## [Task requirements]
Your answer should be the exact lines of the records, starting with the one containing "when a function cannot be differentiable at a" and running to the end.

##### Records for this task

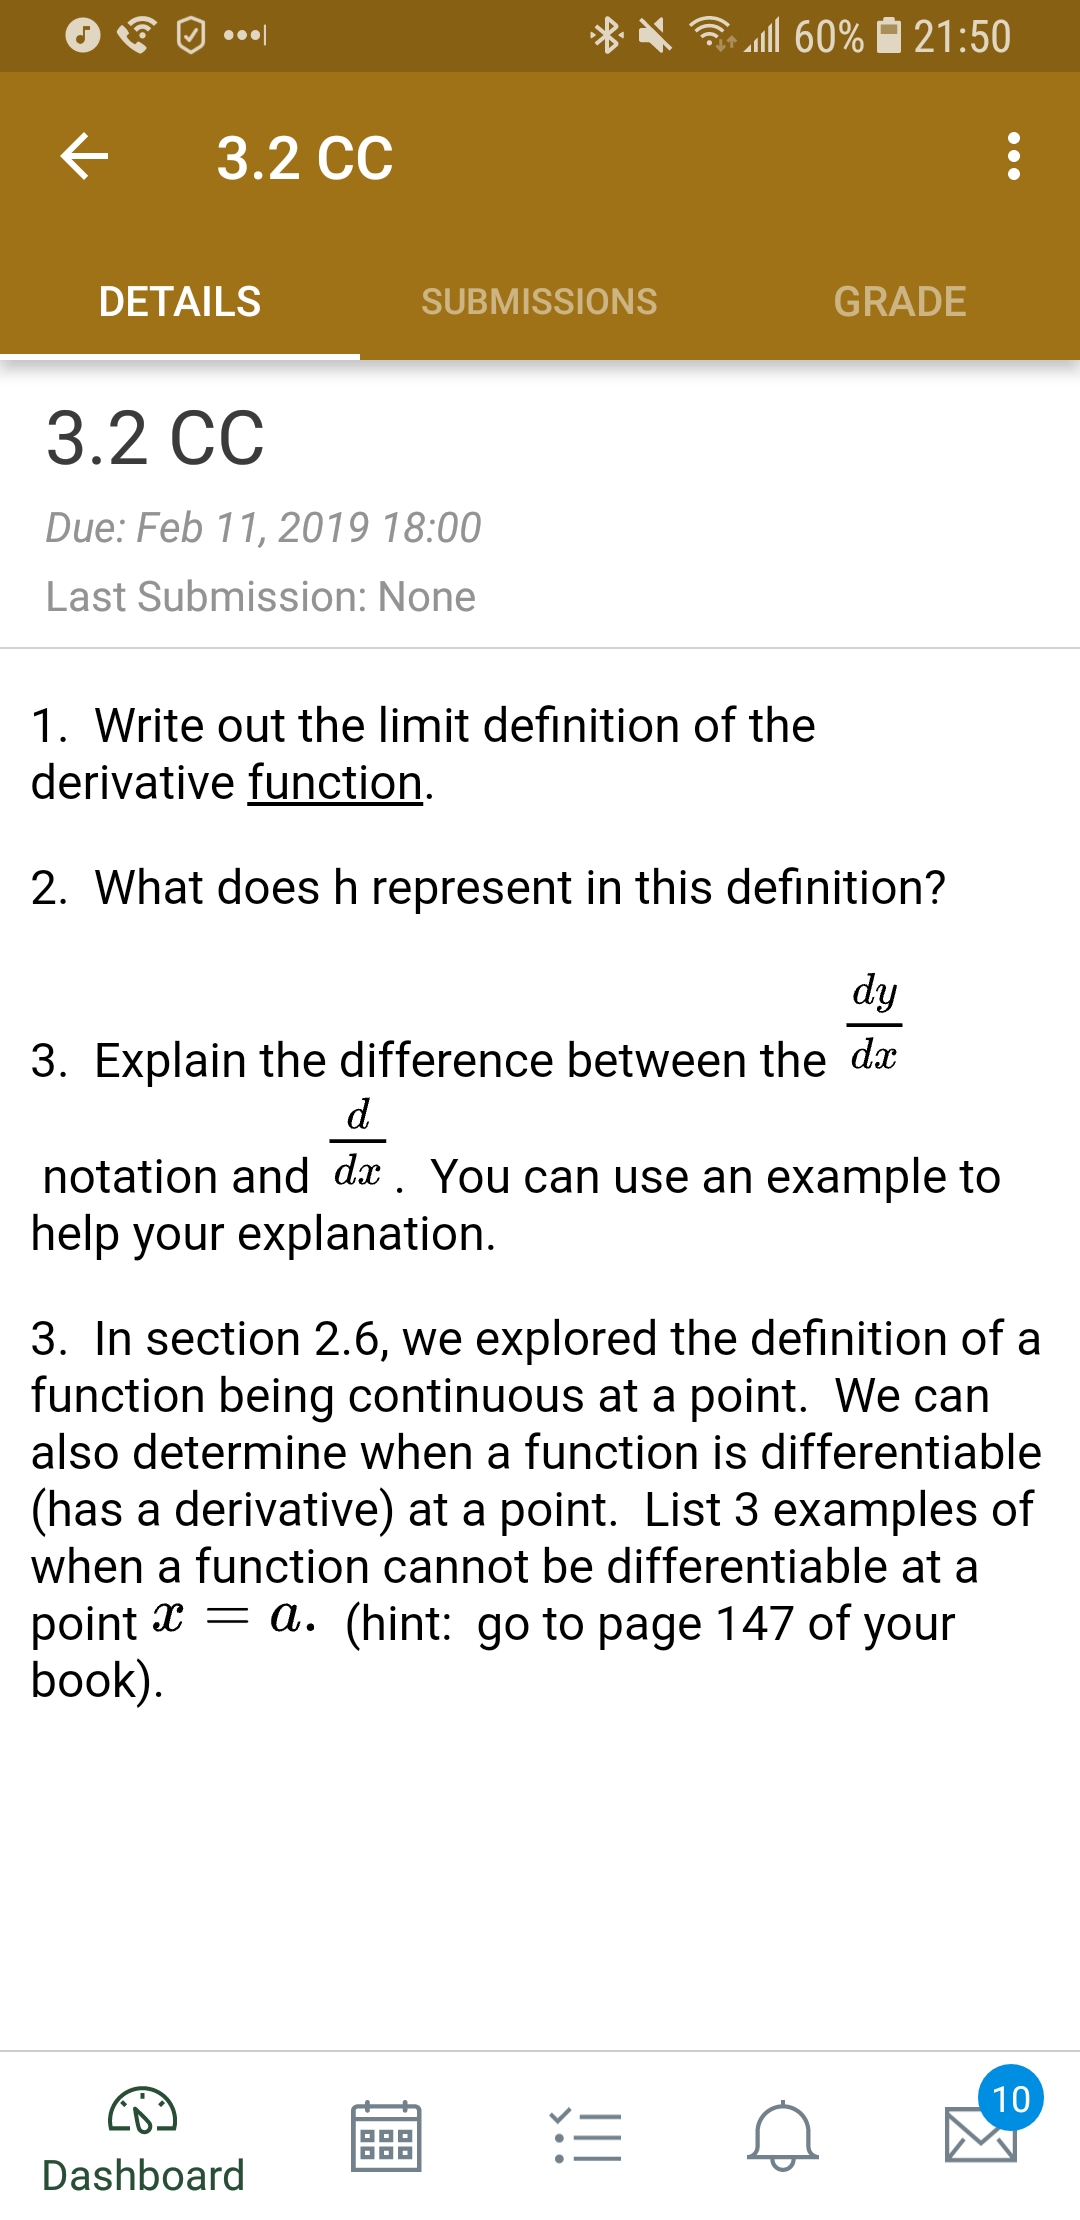 X .111 60% 21:50
< 3.2 cc
DETAILS
SUBMISSIONS
GRADE
3.2 CC
Due: Feb 11, 2019 18:00
Last Submission: None
1. Write out the limit definition of the
derivative function
2. What does h represent in this definition?
3. Explain the difference between the dx
notation and dx. You can use an example to
help your explanation
3. In section 2.6, we explored the definition of a
function being continuous at a point. We can
also determine when a function is differentiable
(has a derivative) at a point. List 3 examples of
when a function cannot be differentiable at a
point x - a. (hint: go to page 147 of your
book
Dashboard

##########

## [Output of the task]
when a function cannot be differentiable at a
point x - a. (hint: go to page 147 of your
book
Dashboard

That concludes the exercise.